Download Hadoop Core 0.20.2 from the maven repository
Replace $NUTCH_HOME/lib/hadoop-core-1.2.0.jar with the downloaded file renaming it with the same name.
That should be it.
Explanation
This issue is caused by hadoop since it assumes you're running on unix and abides by the file permission rules. The issue was resolved in 2011 actually but nutch didn't update the hadoop version they use. The relevant fixes are here and here
We are using Nutch too, but it is not supported for running on Windows, on Cygwin our 1.4 version had similar problems as you had, something like mapreduce too.
We solved it by using a vm (Virtual box) with Ubuntu and a shared directory between Windows and Linux, so we can develop and built on Windows and run Nutch (crawling) on Linux.
I have Nutch running on windows, no custom build. It's a long time since I haven't used it though. But one thing that took me a while to catch, is that you need to run cygwin as a windows admin to get the necessary rights.
I suggest a different approach. Check this link out. It explains how to swallow the error on Windows, and does not require you to downgrade Hadoop or rebuild Nutch. I tested on Nutch 2.1, but it applies to other versions as well.

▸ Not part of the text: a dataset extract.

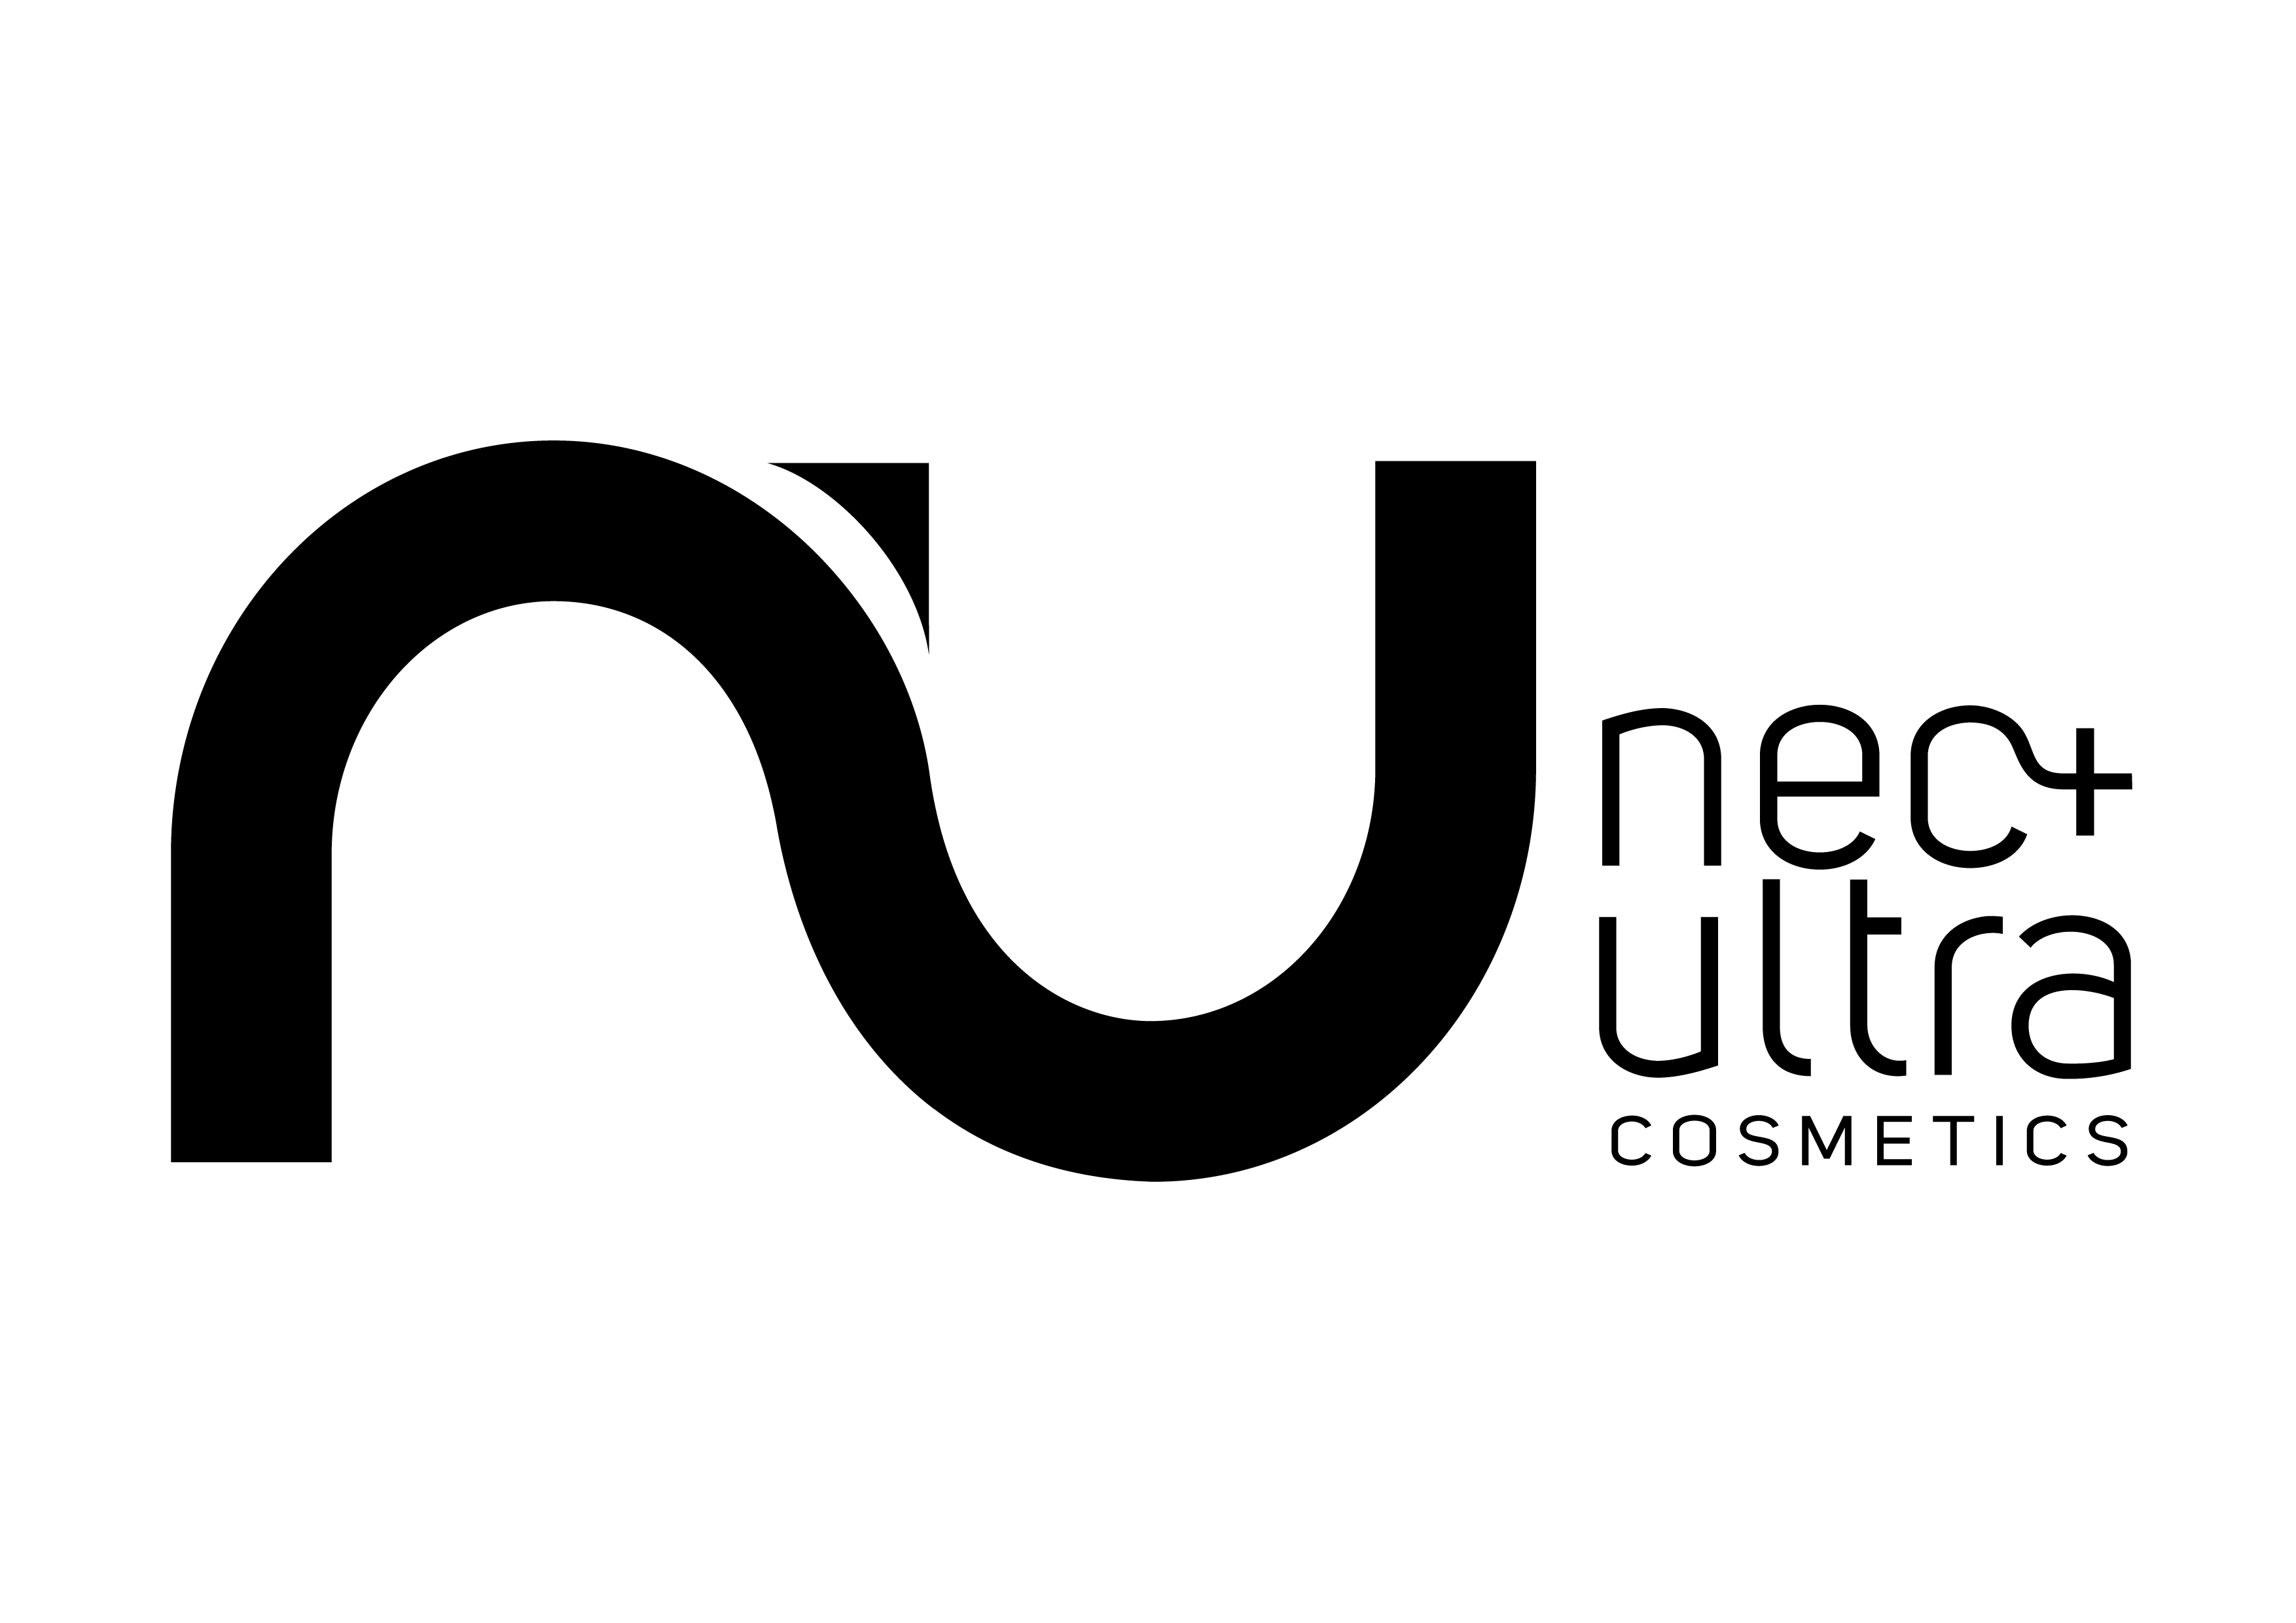 Nec Plus Ultra Cosmetics

I also made a simple .bat for starting the crawler and indexer, but it is meant for Nutch 2.x, might not be applicable for Nutch 1.x.
For the sake of posterity, the approach entails:
Making a custom LocalFileSystem implementation:
public class WinLocalFileSystem extends LocalFileSystem {
public WinLocalFileSystem() {
super();
System.err.println("Patch for HADOOP-7682: "+
"Instantiating workaround file system");
}
/**
* Delegates to <code>super.mkdirs(Path)</code> and separately calls
* <code>this.setPermssion(Path,FsPermission)</code>
*/
#Override
public boolean mkdirs(Path path, FsPermission permission)
throws IOException {
boolean result=super.mkdirs(path);
this.setPermission(path,permission);
return result;
}
/**
* Ignores IOException when attempting to set the permission
*/
#Override
public void setPermission(Path path, FsPermission permission)
throws IOException {
try {
super.setPermission(path,permission);
}
catch (IOException e) {
System.err.println("Patch for HADOOP-7682: "+
"Ignoring IOException setting persmission for path \""+path+
"\": "+e.getMessage());
}
}
}
Compiling it and placing the JAR under ${HADOOP_HOME}/lib
And then registering it by modifying ${HADOOP_HOME}/conf/core-site.xml:
fs.file.impl
com.conga.services.hadoop.patch.HADOOP_7682.WinLocalFileSystem
Enables patch for issue HADOOP-7682 on Windows
You have to change the project dependences hadoop-core and hadoop-tools. I'm using 0.20.2 version and works fine.